Brewster looked back and forth between us, frowning at our politeness.
“A bad business,” Wilks went on. “Perhaps we can speak?”
Brewster and I had come as far as West Street, near the Customs House. In a lane beyond this was a small tavern. I noted that a few gentlemen walking along this street wore small black caps on the crowns of their heads—the Jewish synagogue was near.
Captain Wilks and I agreed to enter the tavern. The regulars lifted their heads and regarded us with suspicion when we walked in, but soon went back to their ale and quiet muttered conversation.
Wilks raised his brows at Brewster, who took a stool against the wall near the table where we seated ourselves.
“He is trusted,” I told Wilks. “Whatever you say to me will not be repeated.” That is, to anyone but Denis, should Brewster believe Denis needed to know it.
Not until we had full tankards in front of us did Wilks come around to what he wished to say.
“I heard the coroner ask you to account for your whereabouts the night—the early morning rather—when Joshua Bickley was killed.”
I nodded. “I was at supper at the Royal Pavilion. With my wife, several friends, many acquaintances, and the Regent himself.”
“Including men of my regiment,” Wilks acknowledged. “Colonel Isherwood and Lord Armitage. Colonel Isherwood is now dead, from a sudden fever, his son says.”
“Lord Armitage is one of the Forty-Seventh?” I asked in surprise.
“Nominally.” Wilks looked disapproving. “He was at Austerlitz, as he no doubt will have told you. After Armitage returned to London with his wife, he bought himself a commission and joined our regiment on the Peninsula just before Ciudad Roderigo.”

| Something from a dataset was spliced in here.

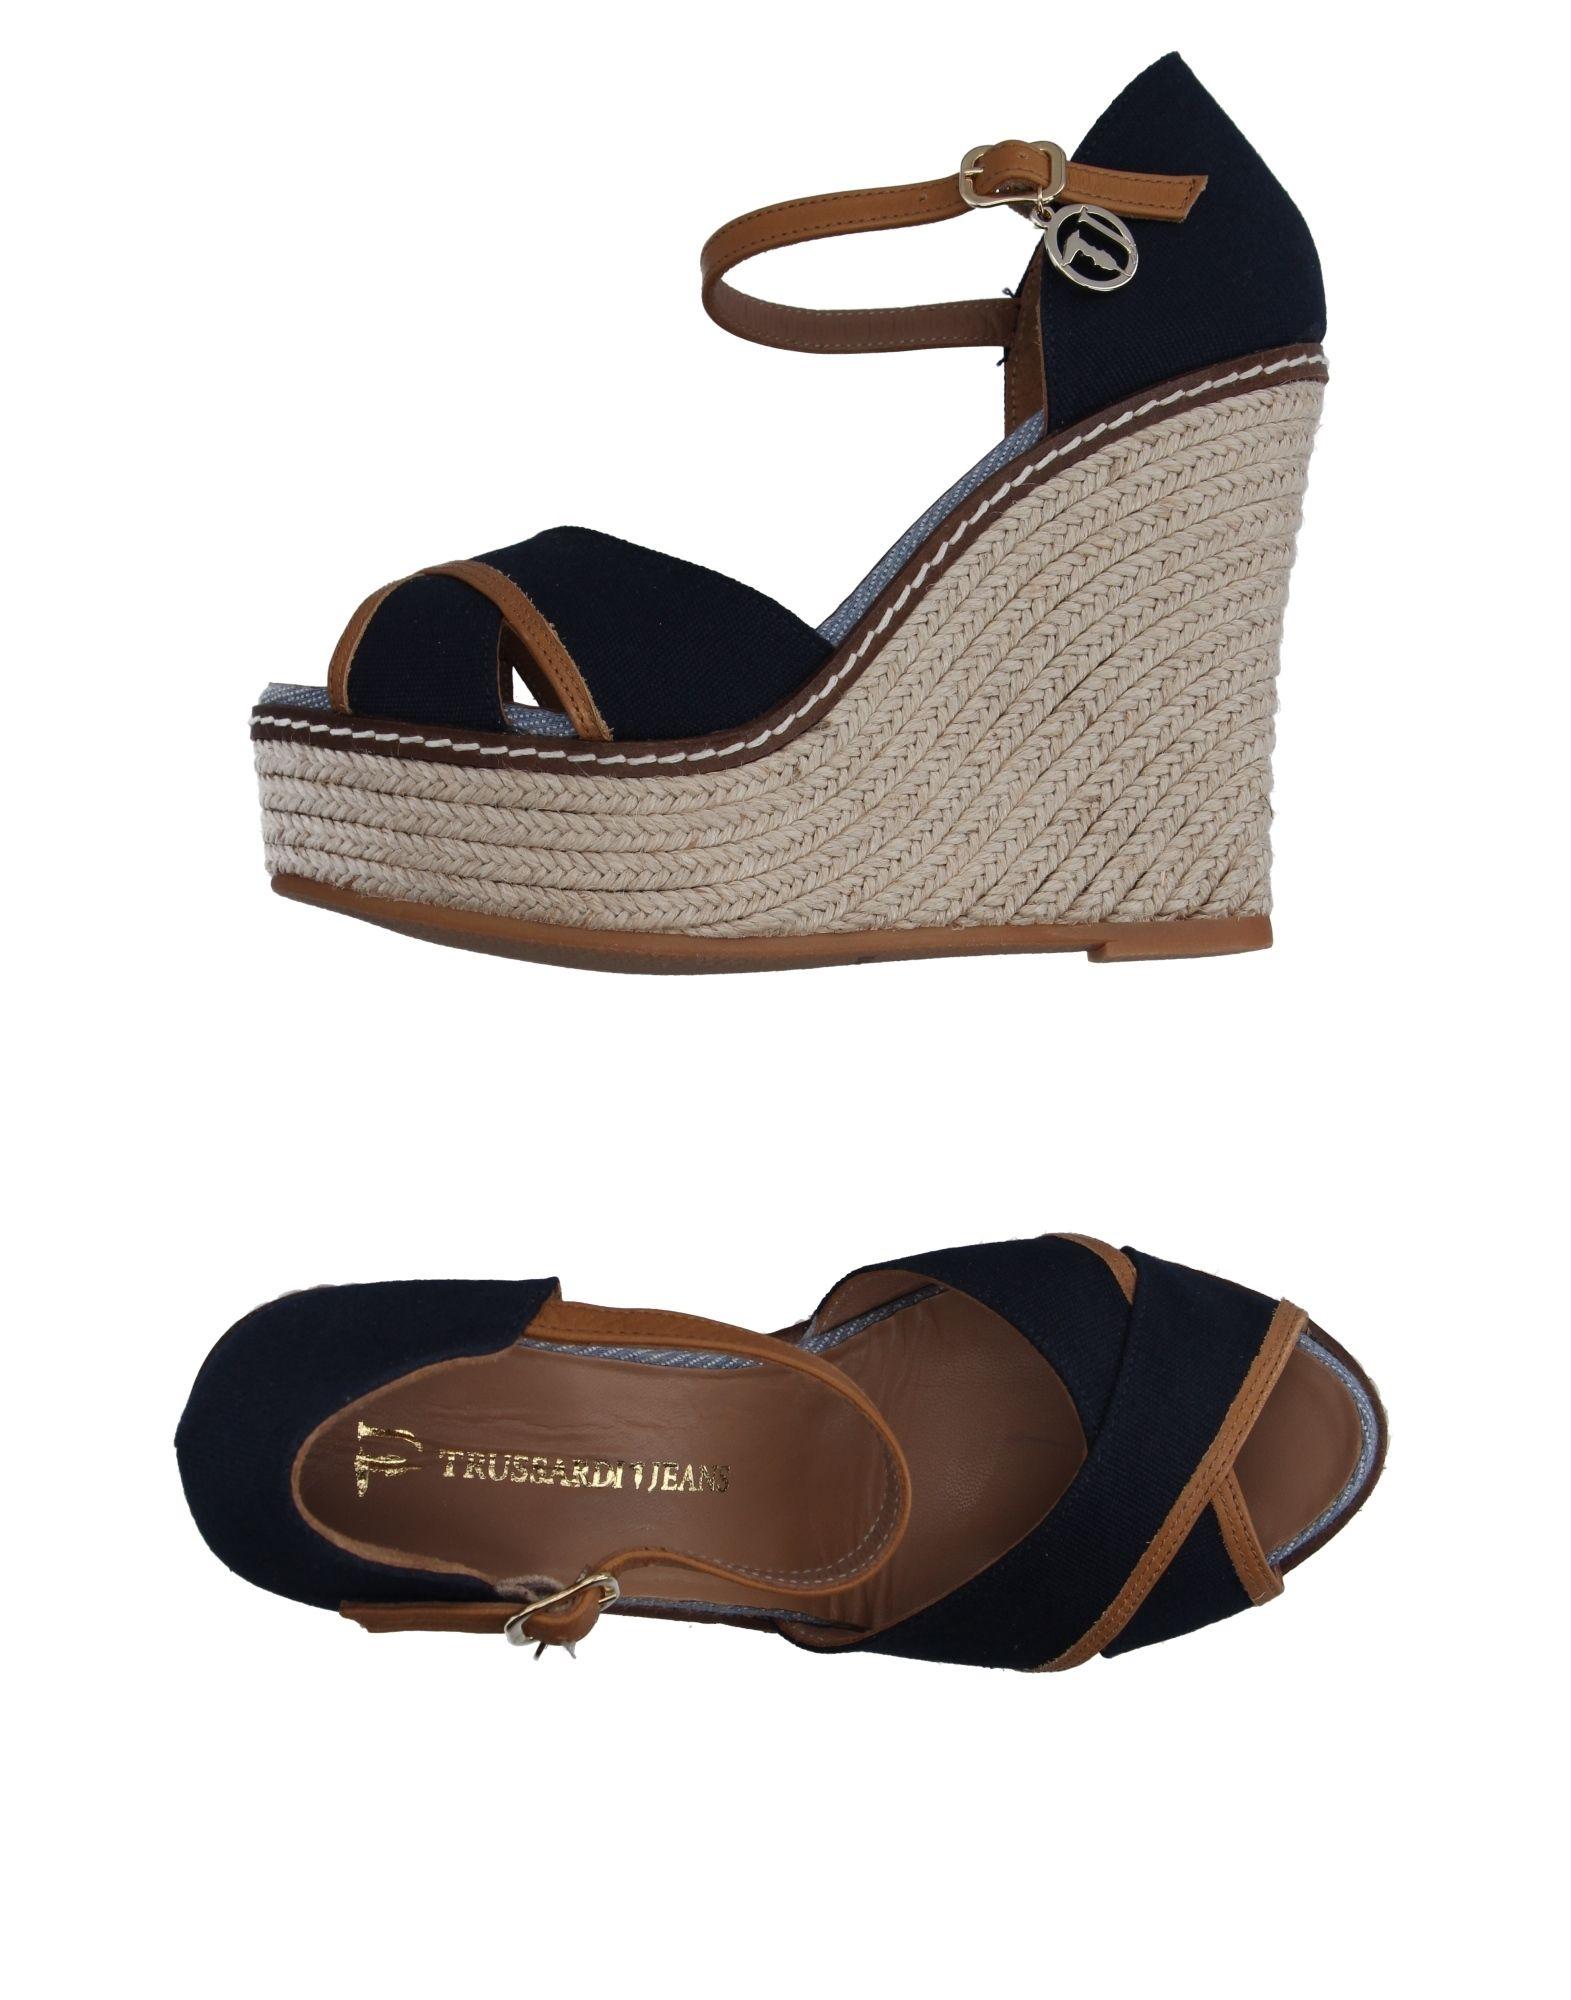 8a3b465b8d500c Trussardi Jeans Espadrilles - Women Trussardi Jeans Espadrilles ...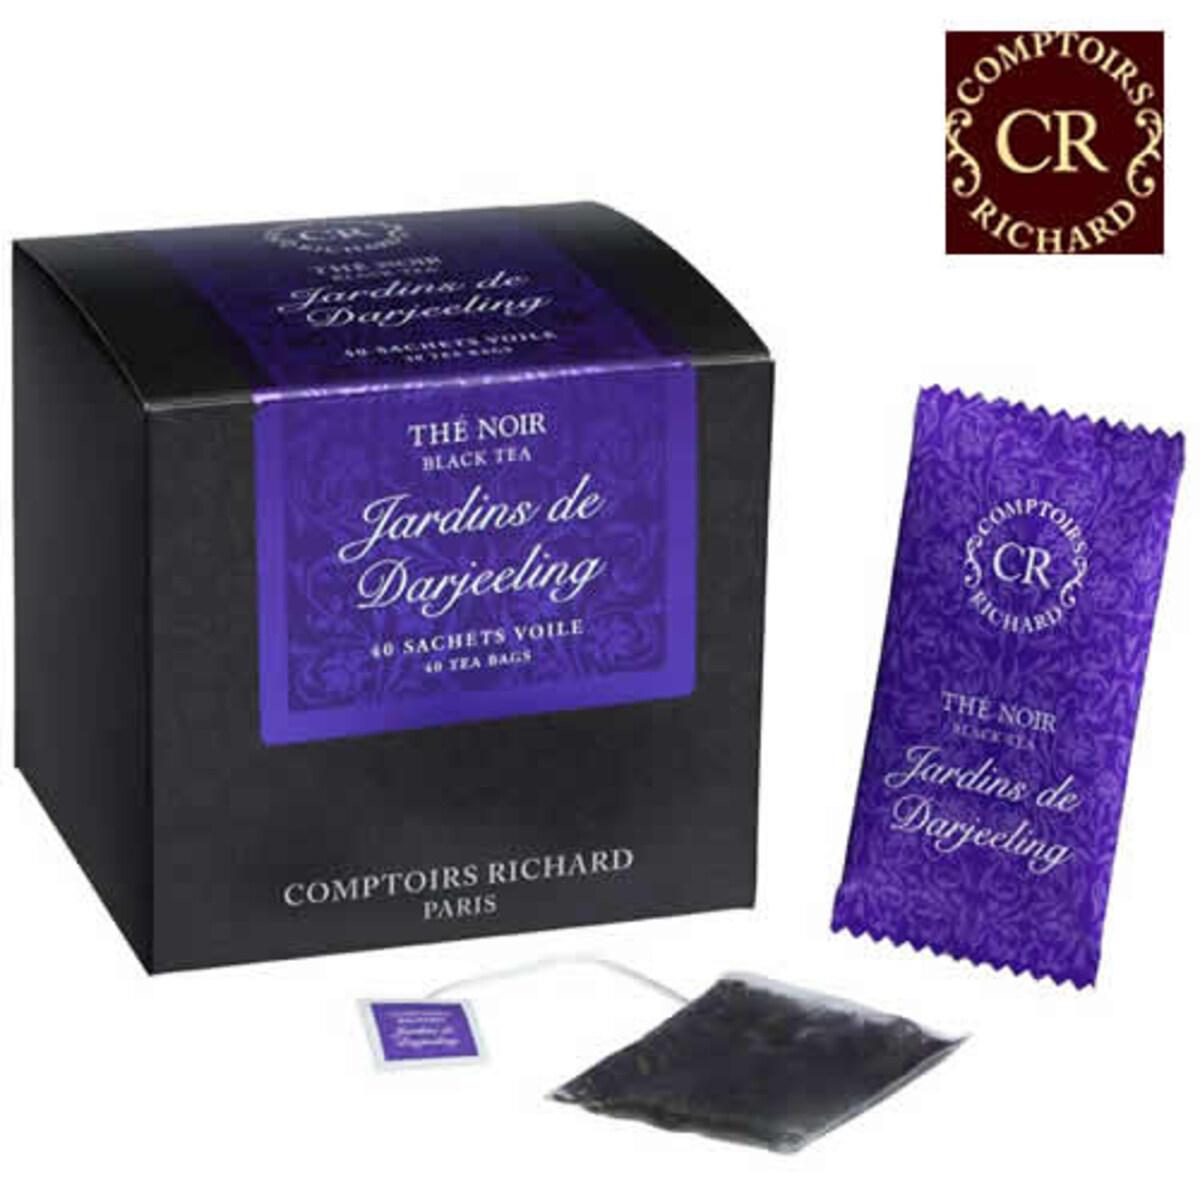 Comptoirs Richard Jardins de Darjeeling - 40бр сашета черен чай

Ciudad Roderigo had been a very bad business, and the fact that Armitage had been there startled me. “I was at Salamanca,” I said. “The Forty-Seventh combined forces with my regiment there, but I never met Lord Armitage.”
“Because he stayed in the rear, dining with other aristocrats in Spanish noble houses.” Wilks’s disgust was plain.
“You mean he wanted the credit for fighting Napoleon without actually having to soil his gloves.”
“Indeed,” Wilks said. “Lord Armitage and Colonel Isherwood were friends, I believe, or at least acquaintances. They were often in each other’s company. However, I do not like to gossip about the colonel, especially now that he is deceased.”
“I understand.” I took a sip of ale to indicate I would not press him. I wanted to, very much, but I understood the sort of man Wilks was—one who obeyed the rules of honor. I had quarreled with Colonel Brandon for years, but I would never disparage him in front of a man from another regiment.
“Is this what you wished to ask me about—the supper at the Pavilion?” I inquired.
“No, you misunderstand. You told the coroner that you dined at the Pavilion and then went home and slept after you spoke Mr. Bickley. But you did not. I saw you.”
My heartbeat quickened, and my hand tightened on my tankard. “Did you? Where?”
“In a public house. One very near the Quaker Meeting. It’s a friendly place and I take an ale there on nights I am off duty. You came in alone, sat down in a corner and asked for coffee. I could see you were in a bad way, which is no doubt why you wanted the coffee. You told the coroner you were inebriated.”
“I was,” I said cautiously. “I must have imbibed too well at supper.”
“You were befuddled, yes, but in a strange way. I’ve seen many a drunken man in my time, but you seemed more alert and aware, your speech not slurred.”
I had absolutely no memory of walking into this pub, let alone drinking coffee. “Is that all I did?” I asked, my tone sharp.
Wilks watched me carefully. “You truly do not remember?”
“Of course not. If I had, I’d have told the coroner.”
He held up a hand. “Peace, Captain. I came to you about this because you seem a decent fellow and genuinely puzzled about that night. You sipped your coffee and appeared to calm yourself. Then the publican handed you a paper. You read it and shoved yourself up and away very quickly. I watched you go, wondering, but you disappeared quickly. I assumed you’d received dire news.”
A message? But from whom and about what? “What did I do with the paper?” I demanded.
“Crumpled it in your hand, as far as I can remember.”
“I didn’t throw it into the fire?” I asked in agitation.